## [Exercise directions]
Below is a listing; print exactly its lines from the one containing "不織布バッグのデザイン:エンジ色と青緑色の配色7パターン" down to the one containing "BARCELONA SPANNABIS KRSTARENJE: Krstarenje", both inclusive, with every picture left out.

## [Record set]

___

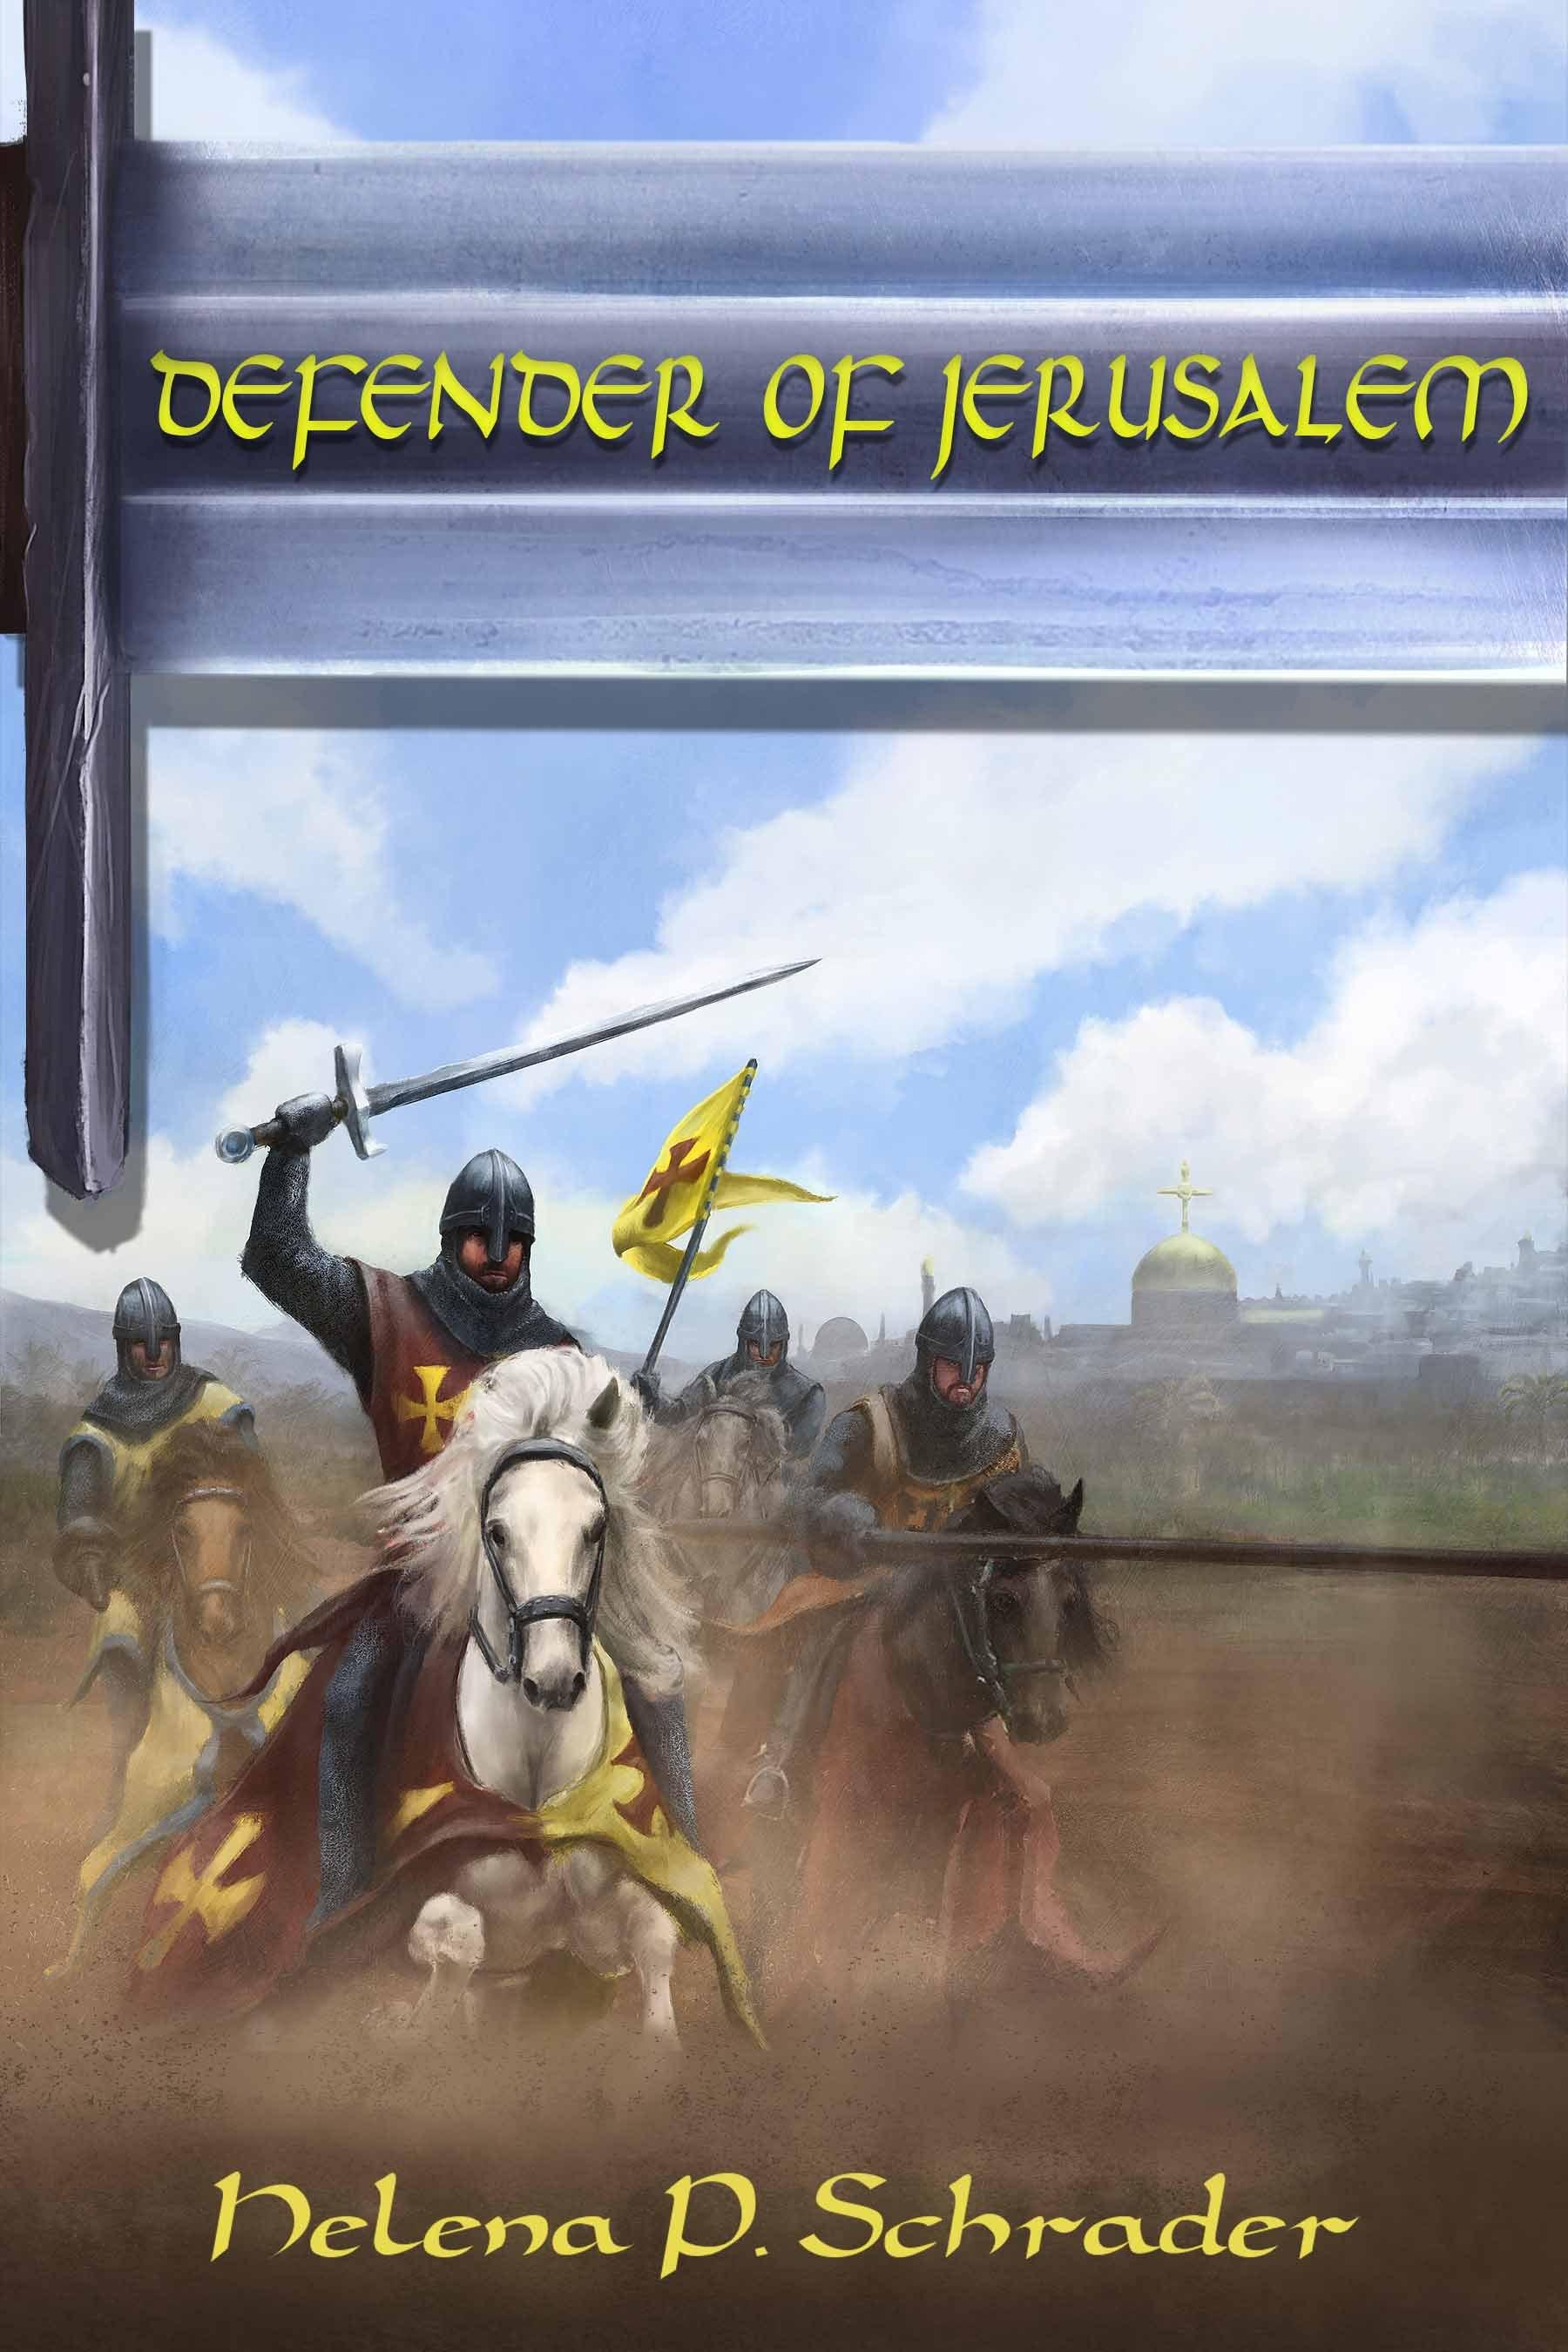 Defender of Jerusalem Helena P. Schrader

___

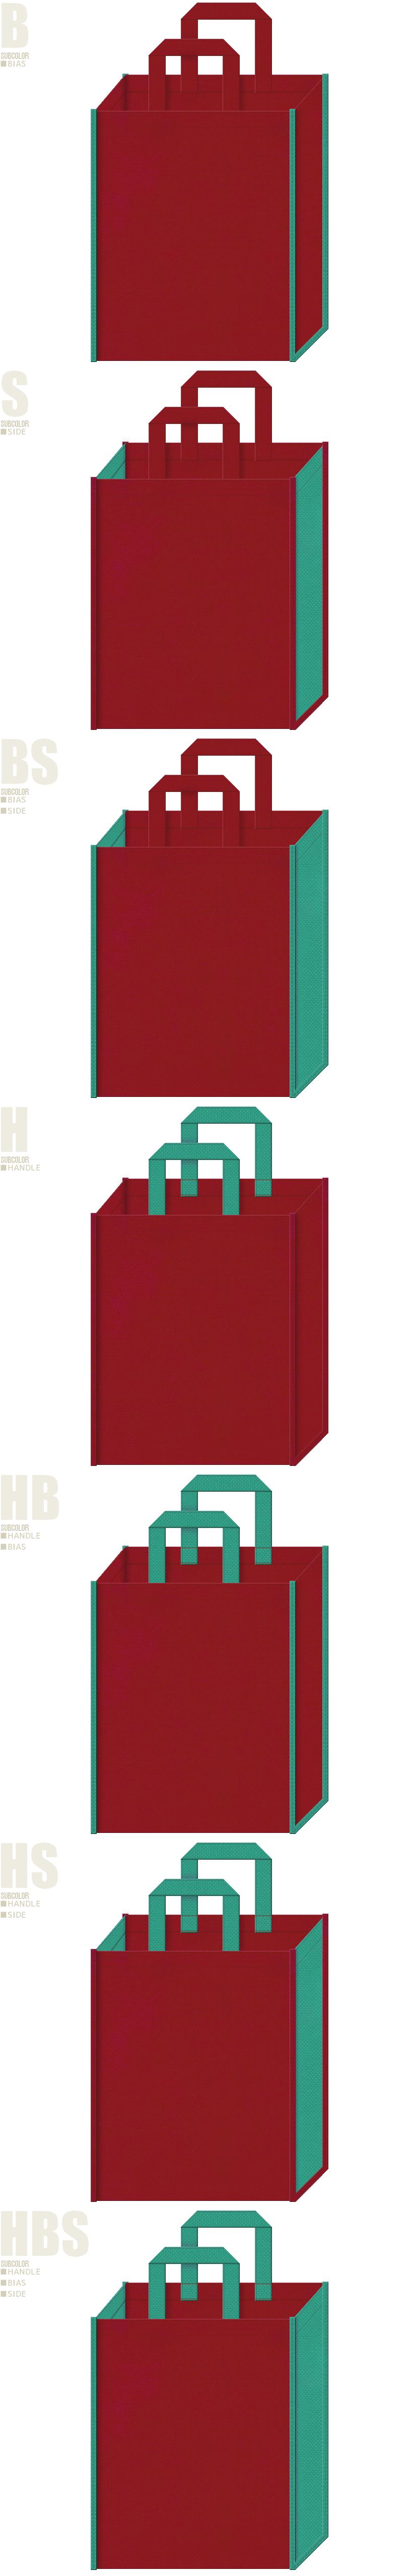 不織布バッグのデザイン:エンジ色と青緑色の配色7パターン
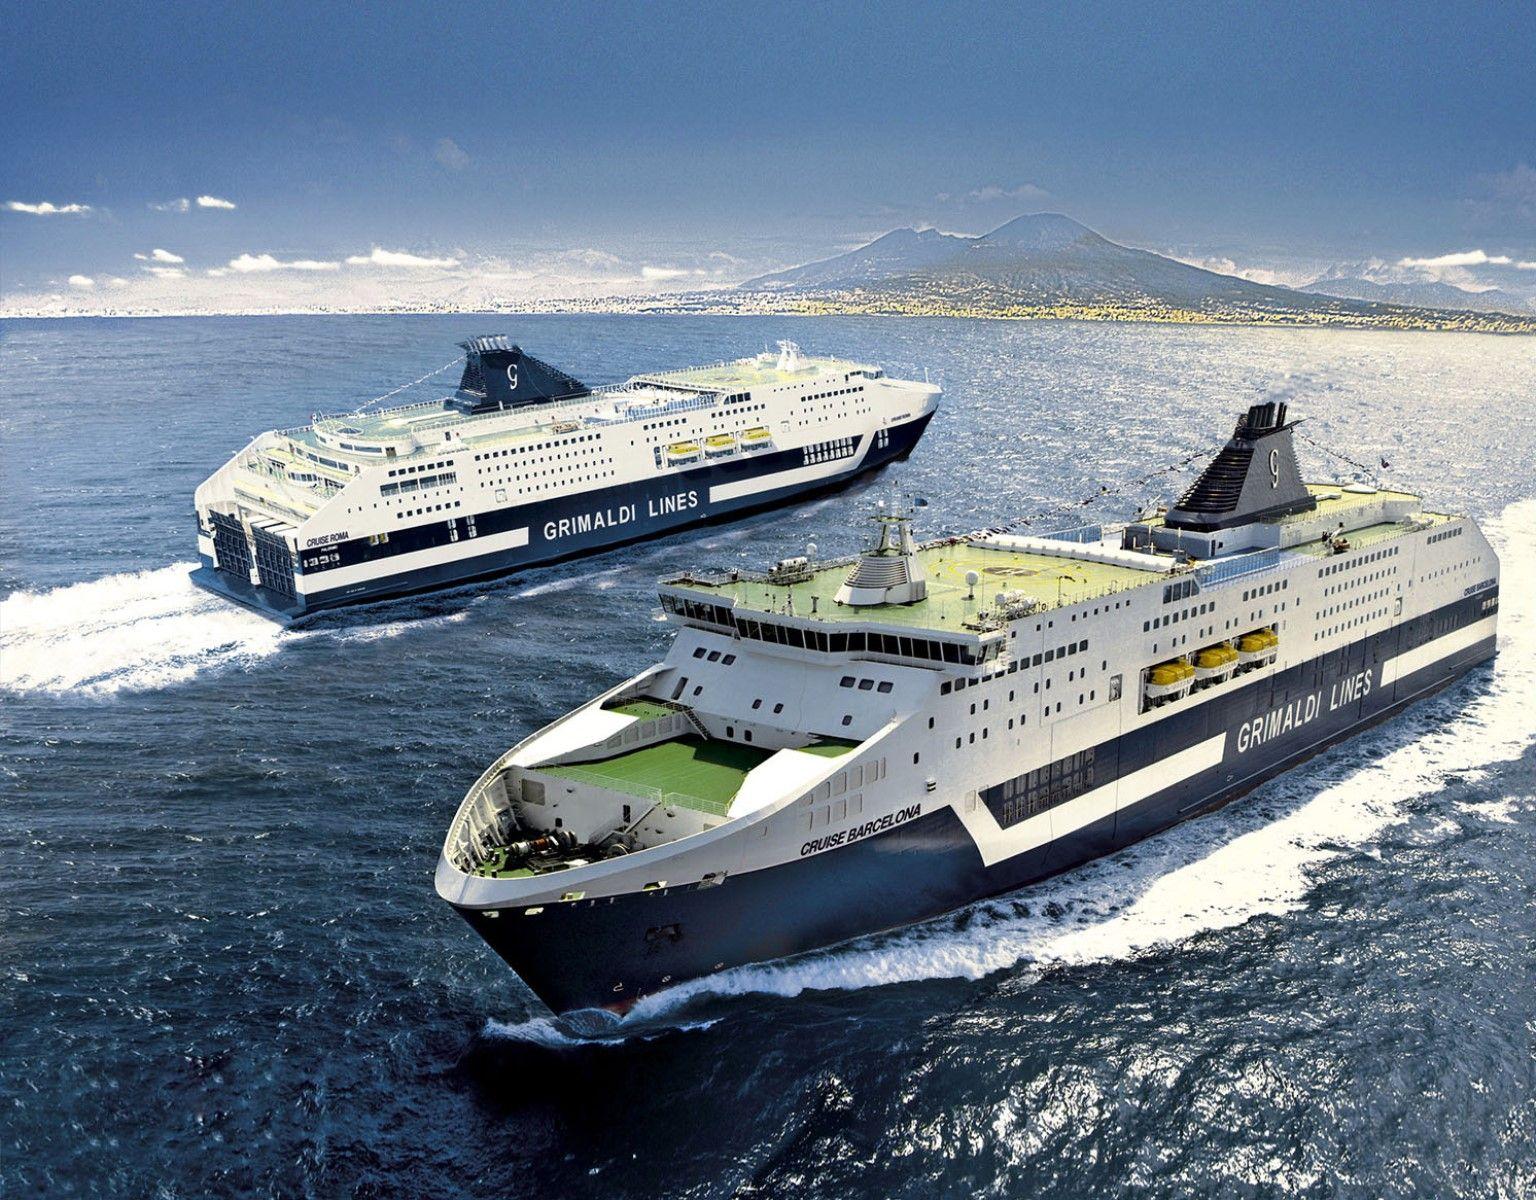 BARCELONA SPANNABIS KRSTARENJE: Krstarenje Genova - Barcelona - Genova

___

## [Output]
 不織布バッグのデザイン:エンジ色と青緑色の配色7パターン
 BARCELONA SPANNABIS KRSTARENJE: Krstarenje Genova - Barcelona - Genova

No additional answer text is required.